• About this exercise:
Output the full listing below exactly as it reads, and skip anything that is a picture.

• Supplied data:

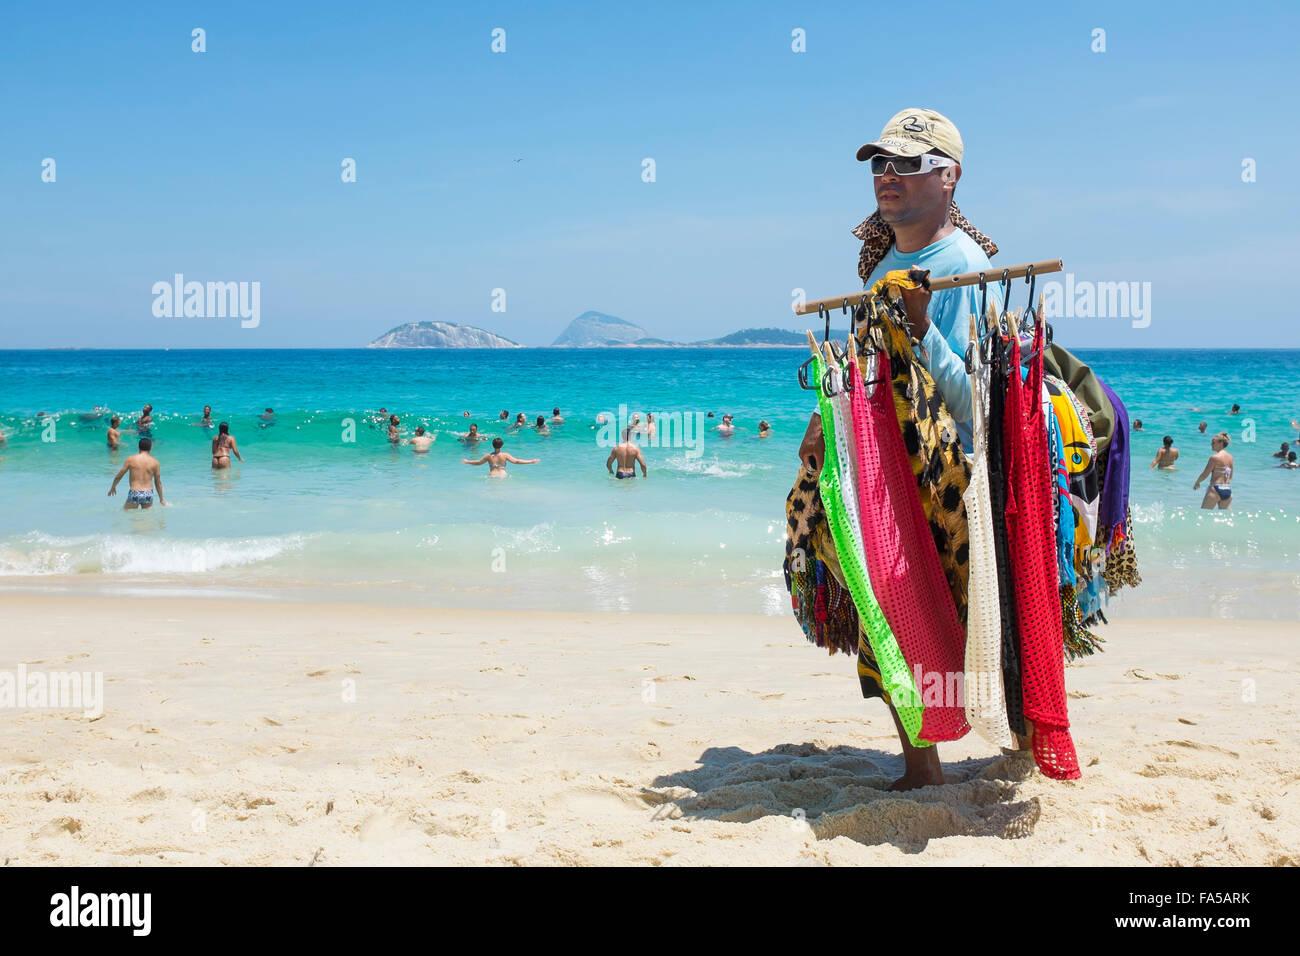 RIO DE JANEIRO, Brasile - 15 Marzo 2015: una spiaggia venditore a vendere vivacemente colorato kanga sarong trasporta Immagini Stock
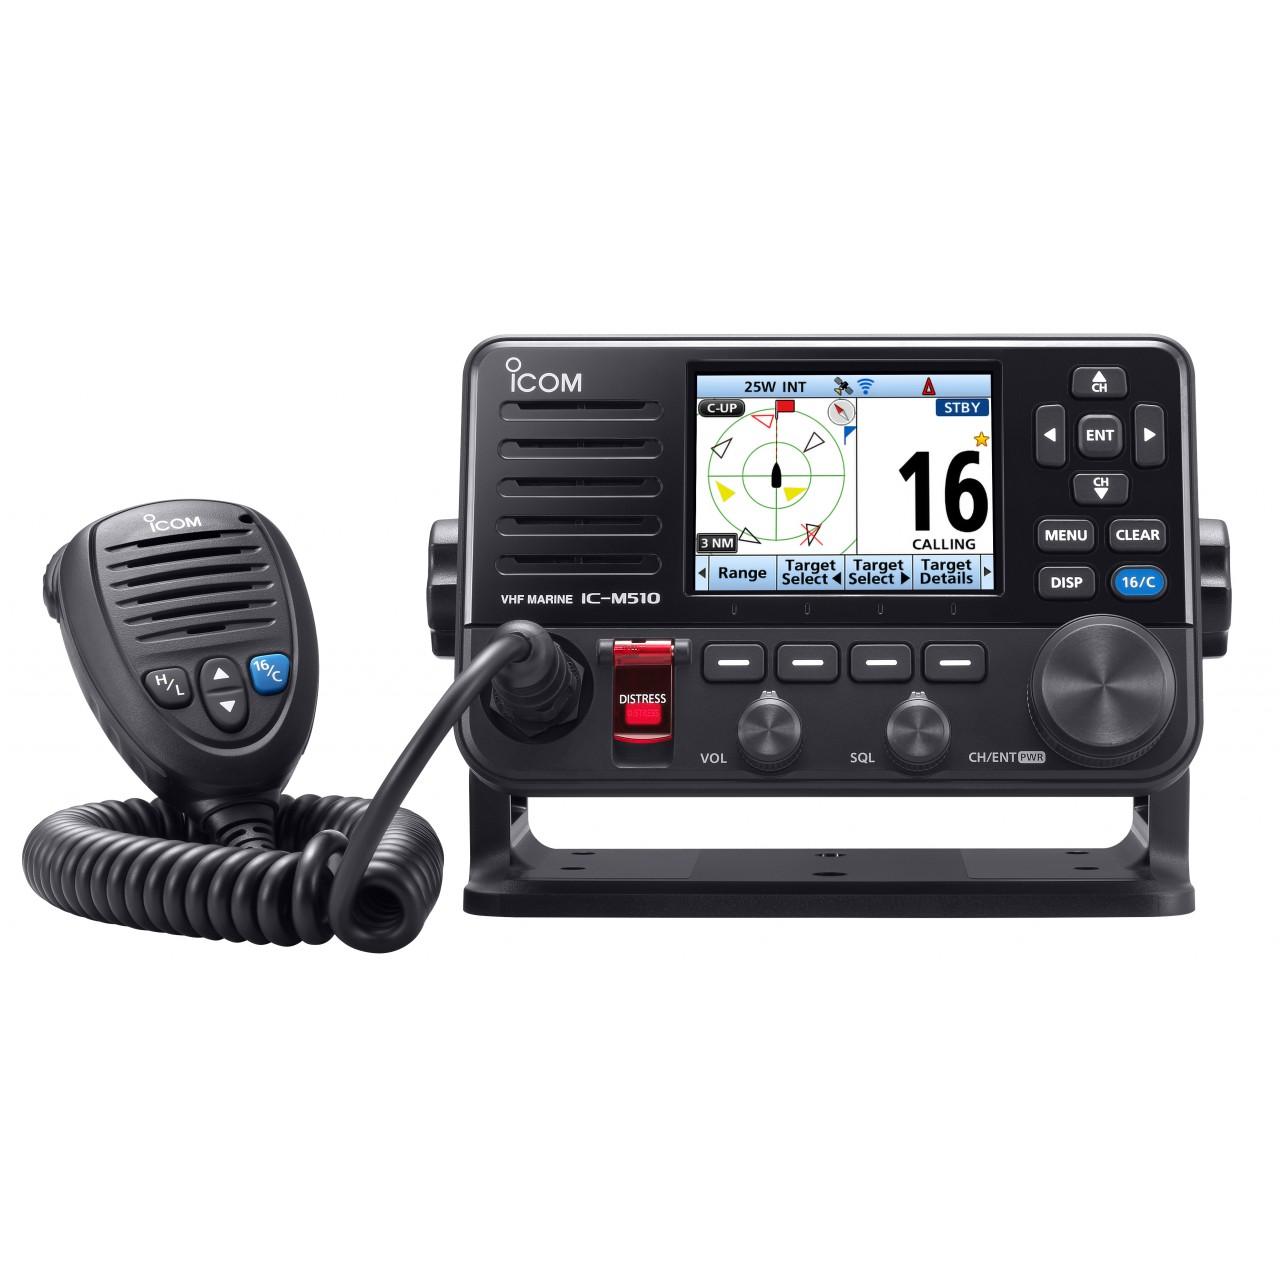 VHF marine IC-M510E
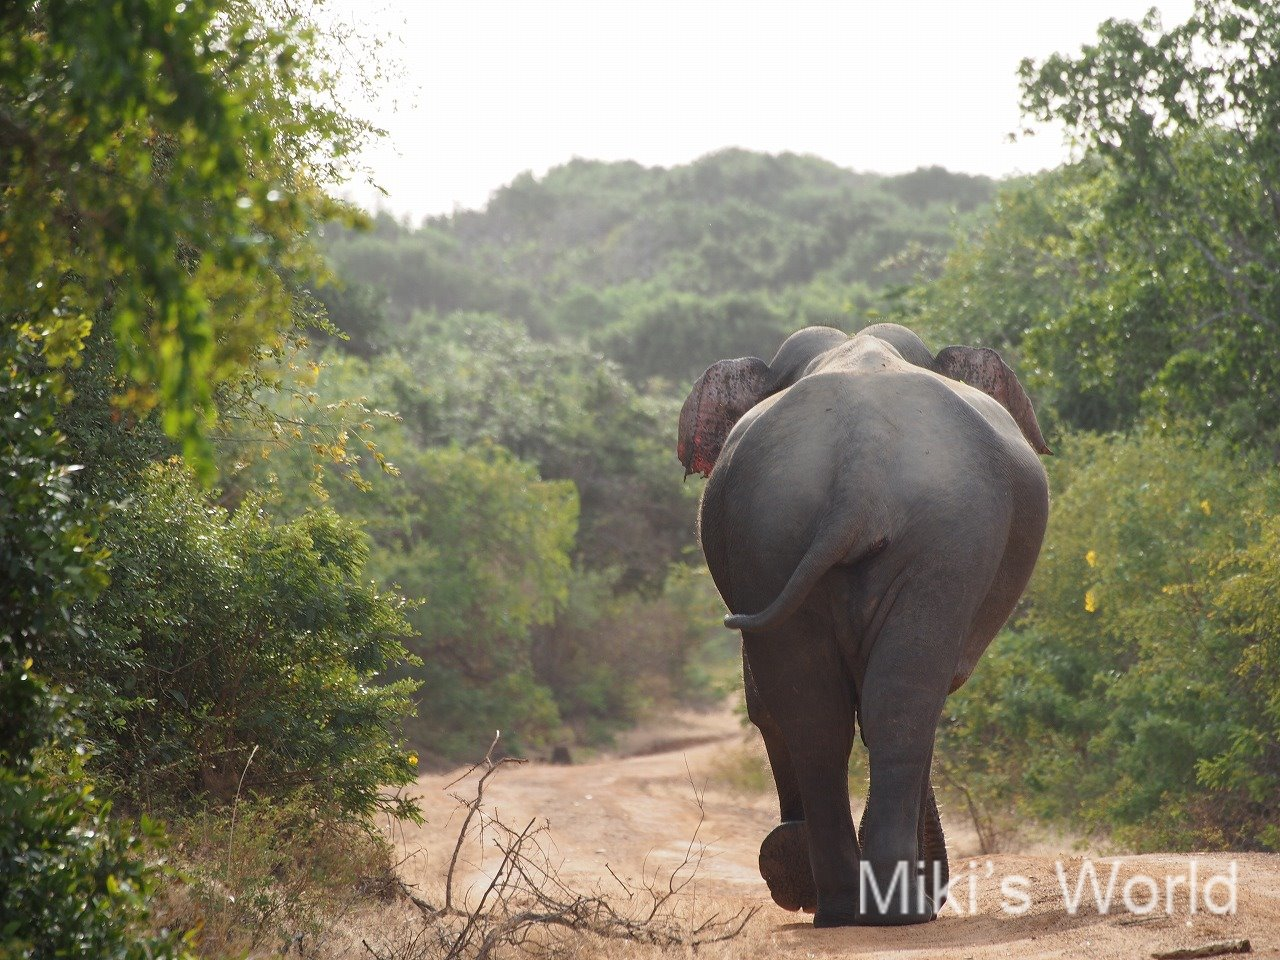 スリランカでサファリを真剣に楽しむ方法 ヤーラ国立公園のスリランカゾウ(Sri Lankan elephant)

• Solution to this problem:
 RIO DE JANEIRO, Brasile - 15 Marzo 2015: una spiaggia venditore a vendere vivacemente colorato kanga sarong trasporta Immagini Stock
 VHF marine IC-M510E
 スリランカでサファリを真剣に楽しむ方法 ヤーラ国立公園のスリランカゾウ(Sri Lankan elephant)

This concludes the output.